May 22, 2019
By Anthony Boadle
BRASILIA (Reuters) – Brazilian President Jair Bolsonaro faces a crucial test on Wednesday of his ability to govern without courting traditional parties in Congress, which is threatening to derail his agenda and scramble his cabinet after months of mutual antagonism.
The lower house of Congress is set to vote on a presidential decree reorganizing the executive branch, which reduced the number of ministries to 20, from 29 previously.
The decree expires on June 3 if Congress does not approve it, which would throw the five-month-old government into crisis, forcing a ministry reshuffle and underscoring how an unruly coalition can hold Bolsonaro’s right-wing agenda hostage. Lawmakers have already proposed changes to the decree.
The president’s struggles to even confirm the format of his cabinet have raised doubts he can rally support for an ambitious pension reform bill – the cornerstone of his economic agenda – now in the hands of a political class he openly insults.
A former army captain and apologist for Brazil’s 1964-85 military dictatorship, Bolsonaro wielded little influence in his three decades in Congress and cast his grassroots campaign as a crusade against the horse trading of Brazil’s “old politics.”
“Bolsonaro despises democracy. We have to isolate his anti-democratic attitude and lack of respect for institutions so this does not paralyze the country,” said lawmaker Marcelo Ramos, chairman of the congressional committee on pension reform.
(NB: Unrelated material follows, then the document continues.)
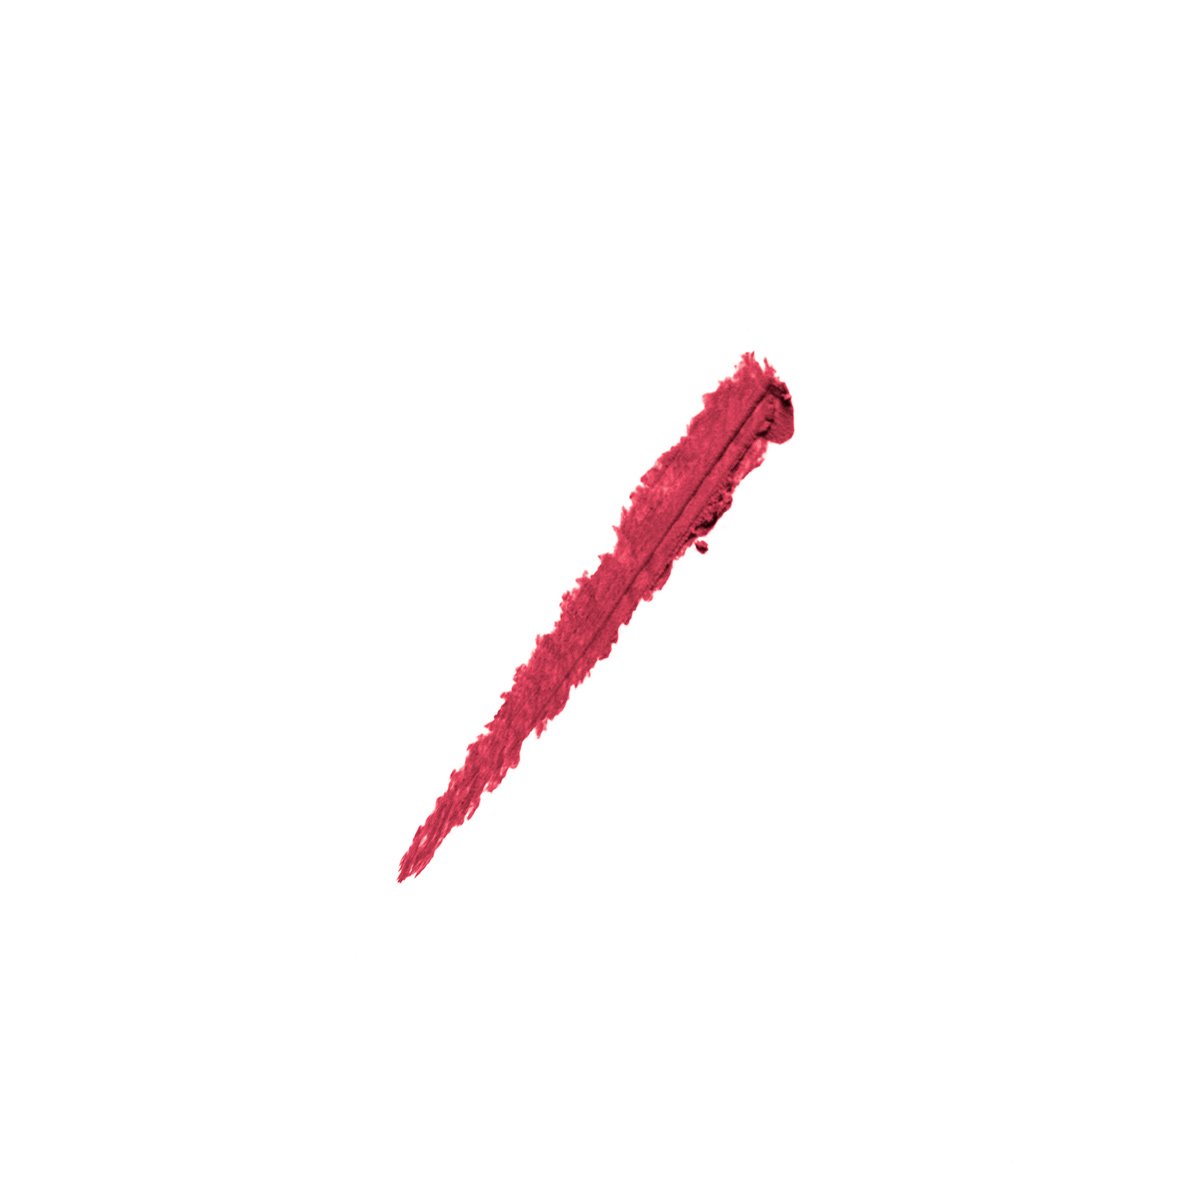 EMBRASSES MOI - UNIVERSAL RED - swatch of long-wearing lip liner in universal red shade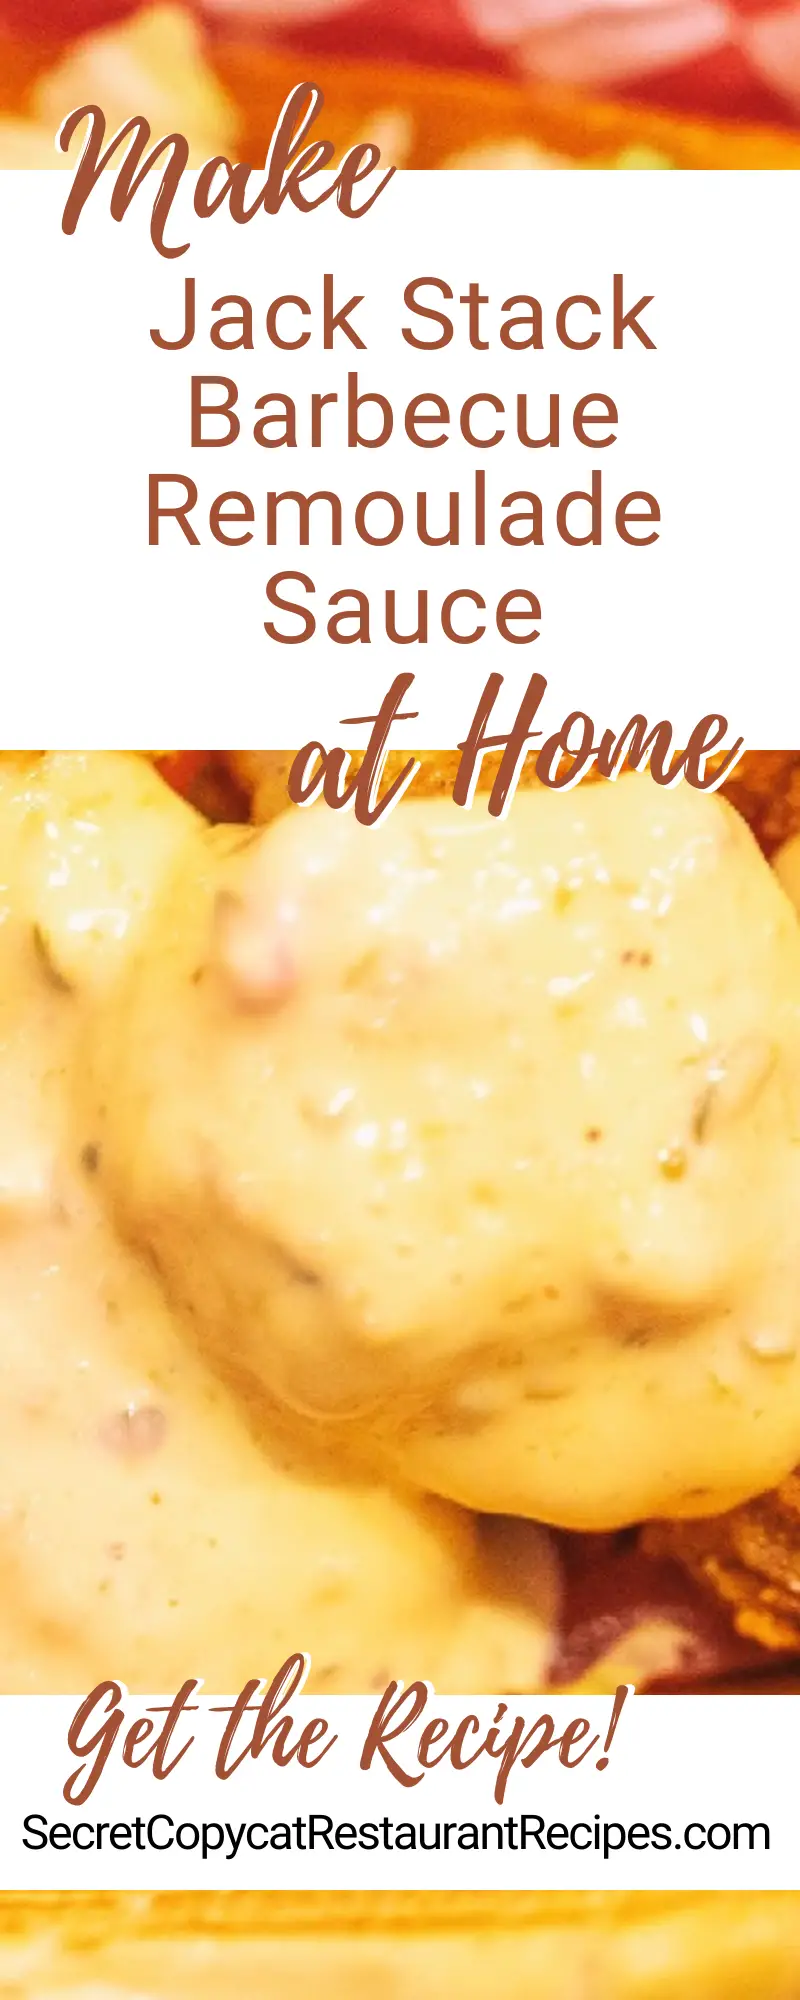 Jack Stack Barbecue Remoulade Sauce Recipe

Ramos said the government was unable to build a coalition with the 308 votes needed to pass the pension bill, aimed at saving 1.2 trillion reais ($300 billion) in a decade to restore investor confidence and kick start a sputtering economic recovery. Ramos estimated the bill could muster no more than 200 votes currently.
Labor and Pensions Secretary Rogerio Marinho said on Wednesday that between 250 and 270 lower house lawmakers had spoken favorably about pension reform.
Bolsonaro has said he would rather work with issue-focused caucuses than party leaders and has called on his supporters via social media to pressure lawmakers obstructing his agenda.
He attacked the political class on Monday for being the country’s “big problem” and blamed interest groups for impeding him from governing.
Ramos and Speaker Rodrigo Maia, who broke off talks with the head of Bolsonaro’s coalition in the lower house on Tuesday, have said they plan to move ahead with the legislative agenda with or without the government’s help.